今回は、大学入試の問題を1つ取り上げ、その魅力や、この1問を通して受験生に身に着けてほしい力を解説して参ります。
目次
今回題材とする問題は2023年度京都大学の理系第6問です。
ちなみに、文系でも三角関数をベースに似たような調子の出題がありましたが、難易度的には雲泥の差があります。文系第3問は発展レベルでよく見る問題に一ひねり加えただけですが、理系第6問は誘導が機能していないばかりか、あまり深くは扱わない内容をベースとしているため、時間内の完答は厳しかったのではないかと想像できます。
ですが、共に三角関数というものの別々の側面を表している、とても面白い問題でした。
早速、解説に入っていきましょう。
まずは、この問題を分析するところから始めていきましょう。
(1) は、知っている公式を駆使すれば解けるはずですから、大したひねりもない問題です。
問題となるのは(2)です。主要予備校の解答速報では、東進と駿台が「難」、河合塾が「やや難」と判断した問題になりますから、京大の問題であることを加味しても、さらに解きにくい問題ということになります。
この問題が難しくなっている要因とは何なのでしょうか? とりあえず解答を書いてみたので、チェックしてみましょう(趣旨を分かりやすくなるため、答案としては必要な部分を幾つか省略しています。答案の最後などは、より丁寧に説明した方が高評価でしょう)。
[解答]
さて、この解答の鍵となる考え方というのは、答案中に命題(*)という形で示されている内容がすべてです。

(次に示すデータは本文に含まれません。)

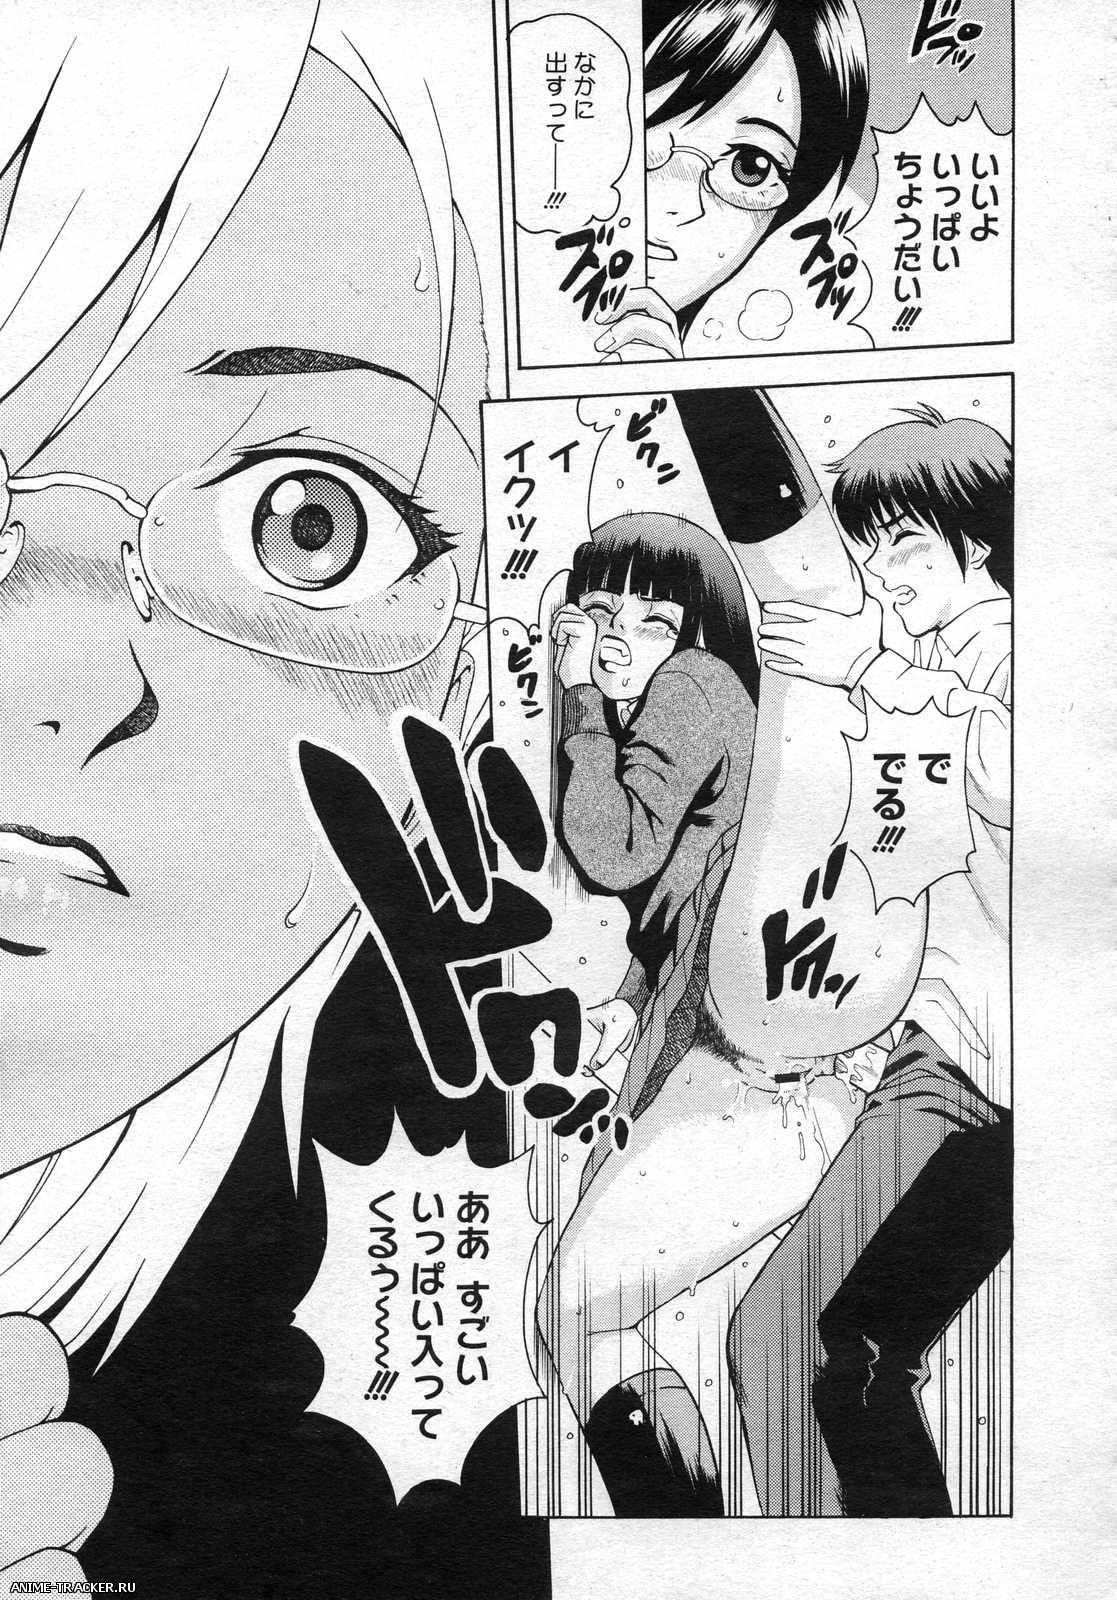 ������ COMIC Megastore H [2002-2013] [Cen] [JAP] Manga Hentai

ですが、「cosnθは、cosθのn次多項式で表すことができる」という事実[1]は、受験生のどれくらいが把握しているのかは疑問なところです。勿論、よく訓練した受験生であるならば、n倍角の公式としてn=2,3の場合などは頻繁に扱い、覚えてしまっているところはあると思います。とはいえ、これが「一般に成り立つ」ということまで把握している受験生は、それほど多くはないでしょう。
しかも、知らない状況でこれを作り出すのも難しいところです。
いろいろな方針を試すうちに、結局時間が経っていく……ということになりかねません。
しかし、知ってさえいれば話は別です。先の事実を知っていれば、cosnθをcosθに分解していじることを真っ先に考えられます。無論、そこから最高次の係数に着目して矛盾を導くことができるかは別問題ですが、少なくとも入口に立つことはできます。

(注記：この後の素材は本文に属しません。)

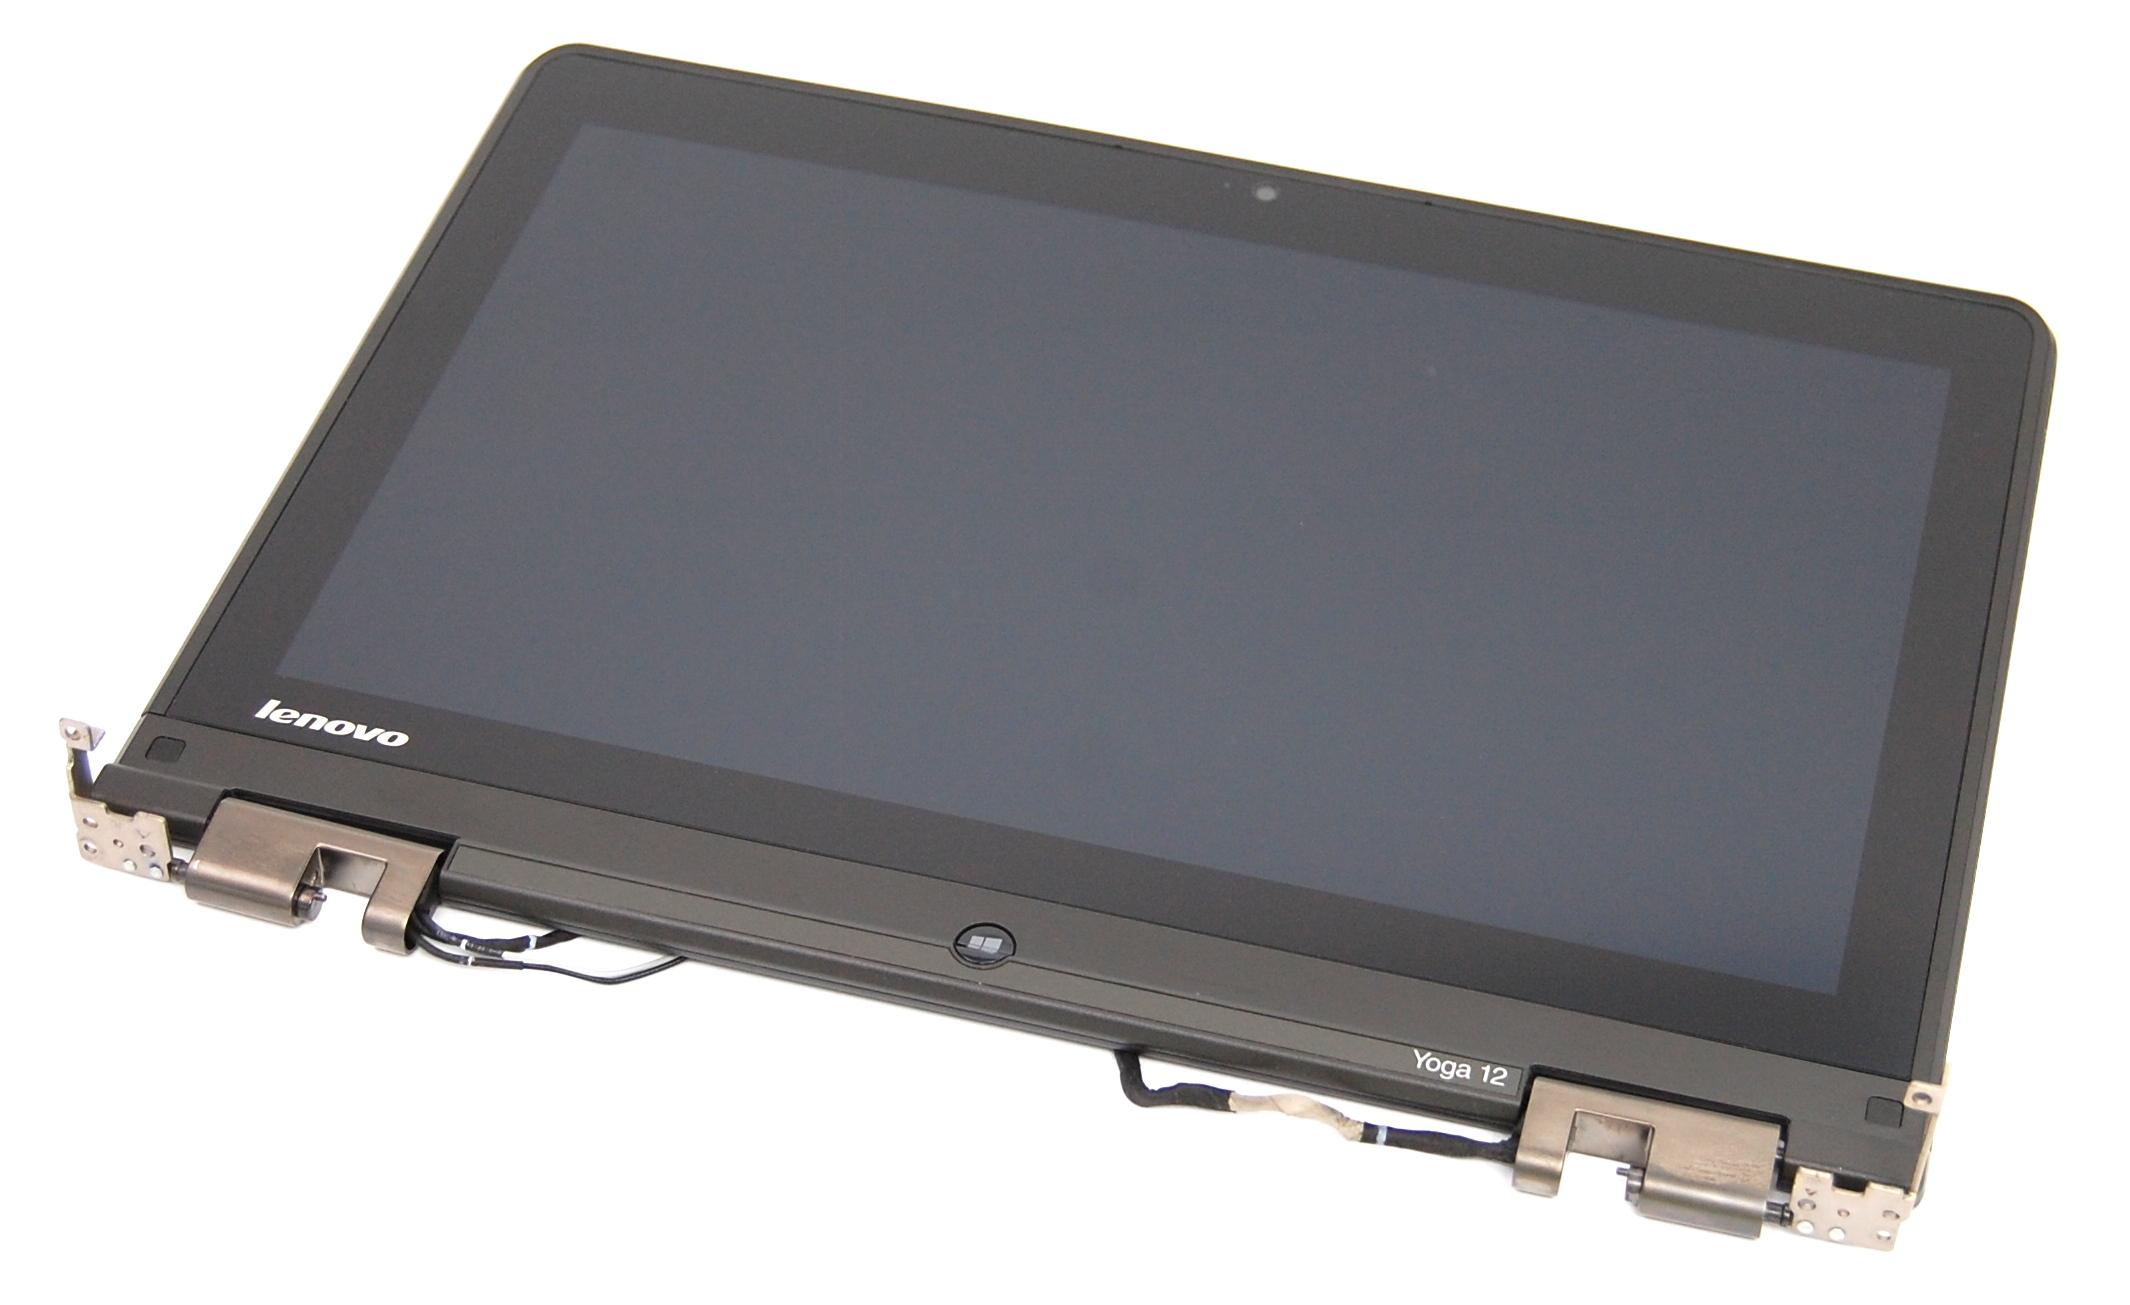 "Lenovo Yoga 12 Touchscreen 12.5"" Convertible Complete Assembly"

つまるところ、今回のこの問題を解くことができたかどうかは「cosnθはcosθのn次式で表現できる」という事実を知っていたか知らなかったかに帰着されるわけです。有り体に言ってしまえば、「知識ゲー」です[2]。しかも、参考書にはそんなに載っていない内容[3]を前提とした出題なわけですから、それはそれは高度な知識を要求されているのです。
この多項式そのものについての面白い性質は、この問題を解説している他のサイトに譲ることにして、入試問題としての分析を述べさせてもらいます。
まず、京大の過去5年程度の出題を見てみても、この出題は少し珍しいことのように思えます。これまでに難しい出題がなかったわけではありませんが、結局紐解いていけば発想の源自体は中堅参考書レベルの内容、という年がほとんどです。
2020年度のように多くの受験生を絶望させた年も、2021年度大問6(2)のように糸口が掴みにくい年もありましたが、それらは愚直な思考である程度得点できたり、前提とする発想は知っていたりする問題が大半でした[4]。それだけに、今年の「前提として要求される知識のレベルが高い」というのは類を見ないような気がします。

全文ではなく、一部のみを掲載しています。